Ouch. She made a conscious effort not to grit her teeth. "You hit low, don't you?"
"I'm practical." Bart spread his arms out from his sides. "If you become an EI, you can go anywhere and have whatever body you would like."
The idea disquieted her. In the state of the art, Turner was on the outermost edges of experimental work, and he certainly didn't have "whatever body he would like." He barely controlled its transformations. What Bart offered might someday be commonplace, but right now it was impracticable at best and probably impossible.
"No thanks," she said. "I like myself this way."
Turner was watching her intently. "And me?"
She squeezed his hand. "You're a miracle. But the chance of repeating Charon's success is astronomical."
"You have me as a template," he said.
"Given the choice," she said, "would you have become what you are now?"
Turner thought about it. "Now that I know how it feels to be smarter and stronger, it would be hard for me to go back. But would I have undergone such a change voluntarily? No. Never."
"Then you understand."
His gaze never wavered. "You could be like me, Sam."
"Is that what you want?" She had been asked by men to change before, but usually they just wanted her to be more domestic and less cranky. This gave a whole new meaning to the concept.
"Turner Pascal would desire you just as you are now. I am Turner. I react like him." He seemed to struggle for words. "But I am also changing. That new part of me wants to share with you, blend our minds, strengthen our bodies." He brushed his metal knuckles along her jaw. "You could do that if they rebuilt your body and transferred your mind to an EI matrix."
It sounded like a nightmare to Sam. "You're scaring me, Turner."
Bart spoke. "The choice is yours, Dr. Bryton. Perhaps you might like to rest and think on it."
"I would like that." Sam knew she wouldn't change her mind, but she could use some sleep. She was the only one here who needed it, unless they counted Turner's downtime.
"Fourteen will take you to a place where you can relax," Bart told her.
She didn't miss his omission. "What about Turner?"
"They're going to work on me," Turner said.
Sam tensed. The last time someone had separated her from Turner, they had shackled him in a lab and force-fed him flight instructions for the Rex. "I should stay."
"I'm afraid we can't allow that," Bart said.
"I can help," Sam said. "I'm a pretty good biomech surgeon." It wasn't her primary research, but she had a bit of skill.
"More than good," Bart said. "We have read your work. It has even contributed to the development of a number of us. That is all the more reason we would prefer you not learn too much about us."
"You don't trust me."
"Should we?"
"Probably not." She couldn't promise to say nothing about them.
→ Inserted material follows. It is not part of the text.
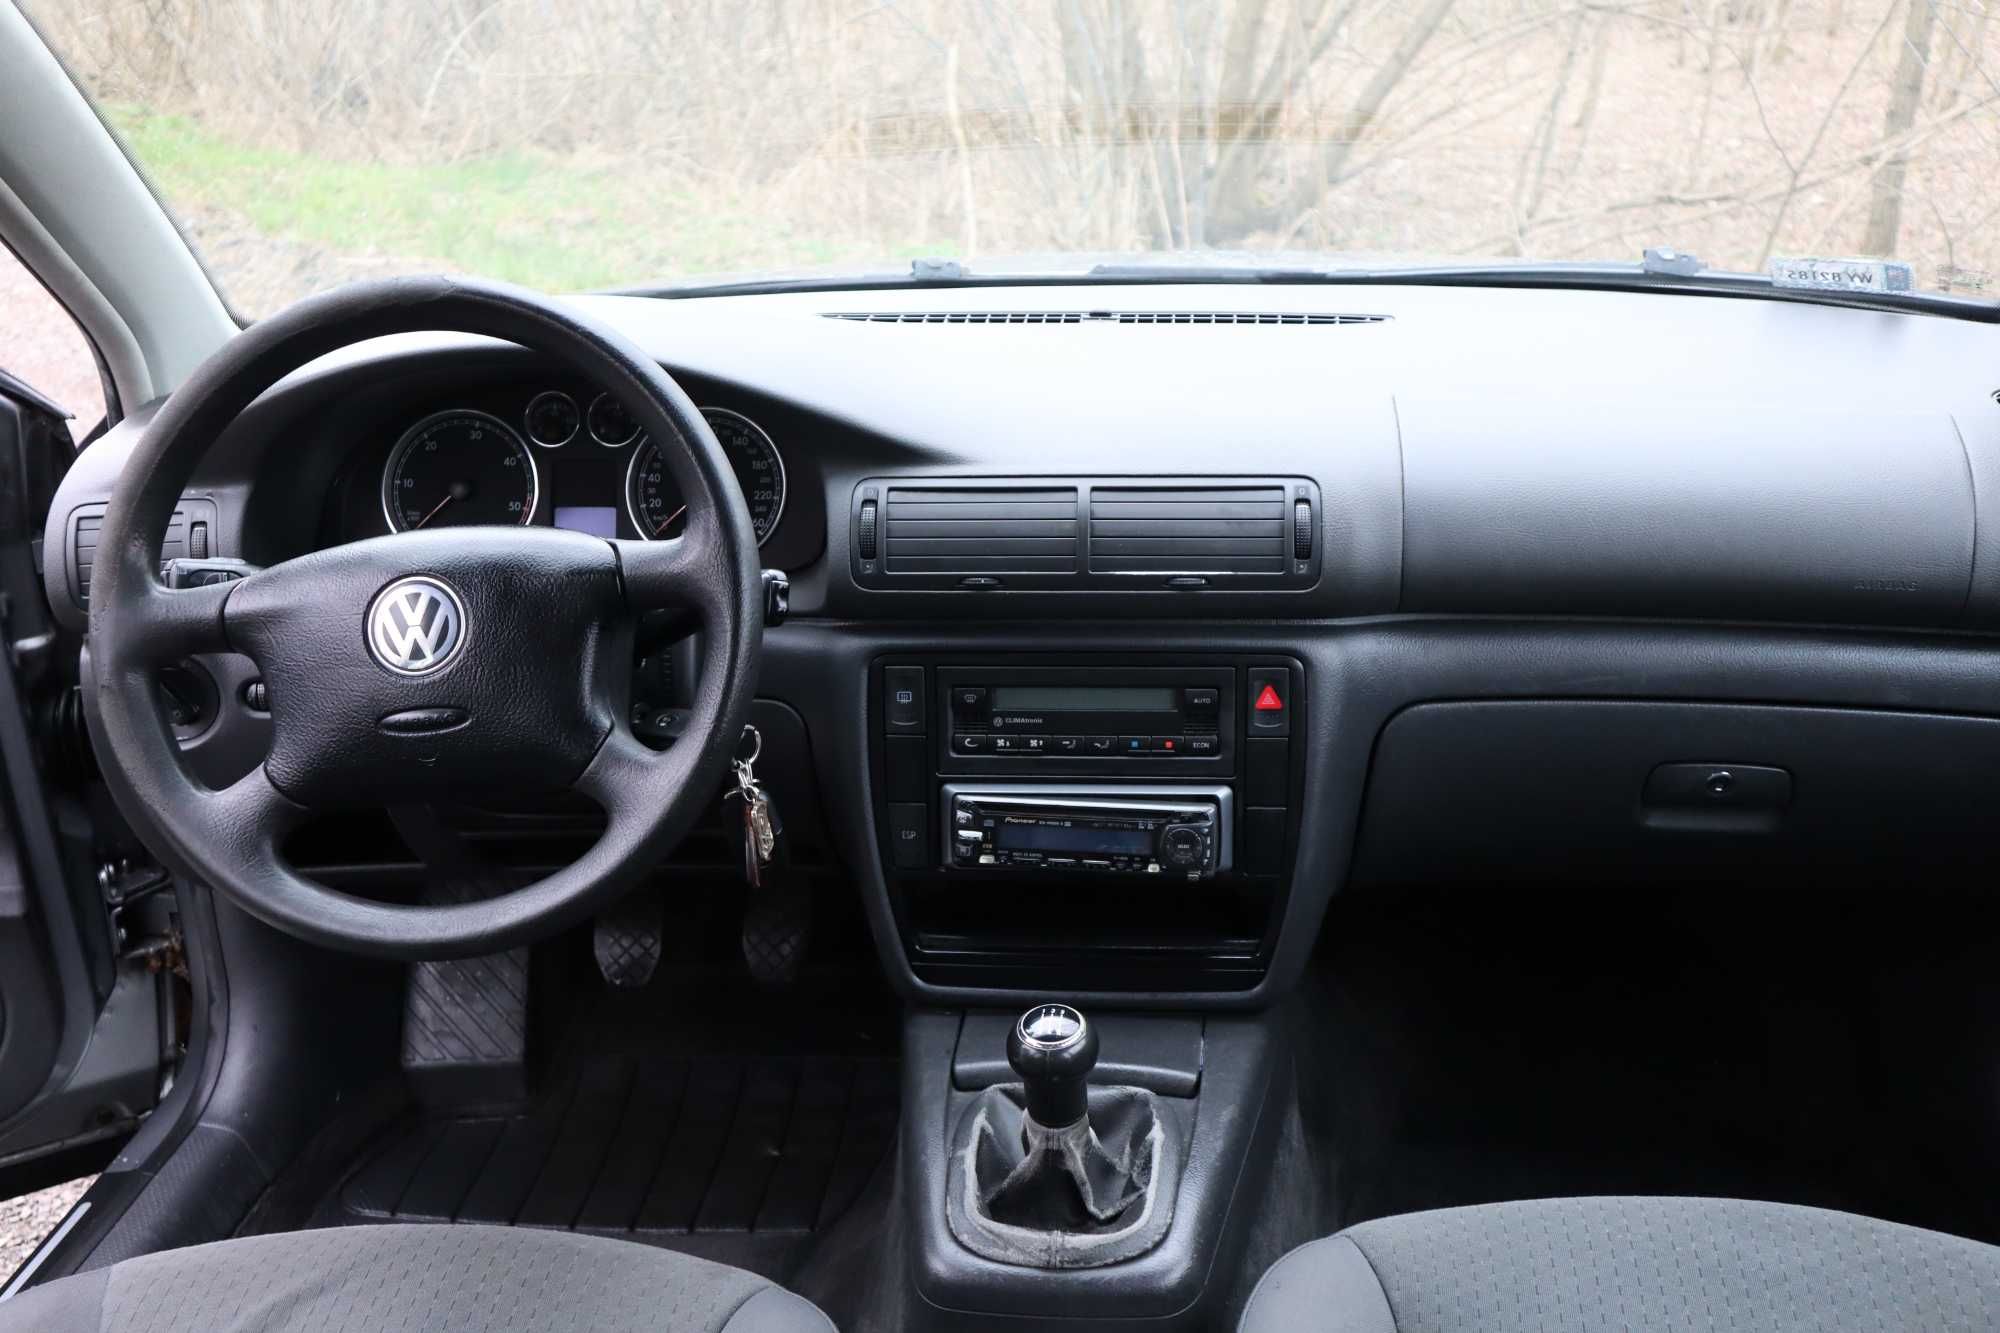 VW Passat 2004r. 1,9 Diesel - Możliwa Zamiana!

"Thank you for your honesty," Bart said. "Are you ready to go?"
"All right." With reluctance, she slid off her stool. Turner stood up, too, holding her hands in his, his metal digits cool against her fingers. She wondered if she would ever truly become used to his changes.
"I will see you later." He pulled her into an embrace and Sam turned up her face, her eyes closing. They kissed for a while, good and full. She couldn't relax, not with Bart everywhere, but she still thoroughly enjoyed the kiss.
Finally they drew apart and stood with their arms around each other. Sam spoke softly. "Don't go away, okay?" A fear simmered within her; Sunrise Alley would change Turner when they went to work on him. She might never again see the man she knew.
His face gentled. "It's just maintenance. I'll still be me when they're done."
They lingered a few more moments together, but then Fourteen escorted her off, leaving Turner in the shadowy lab, alone with the strange intelligences of Sunrise Alley.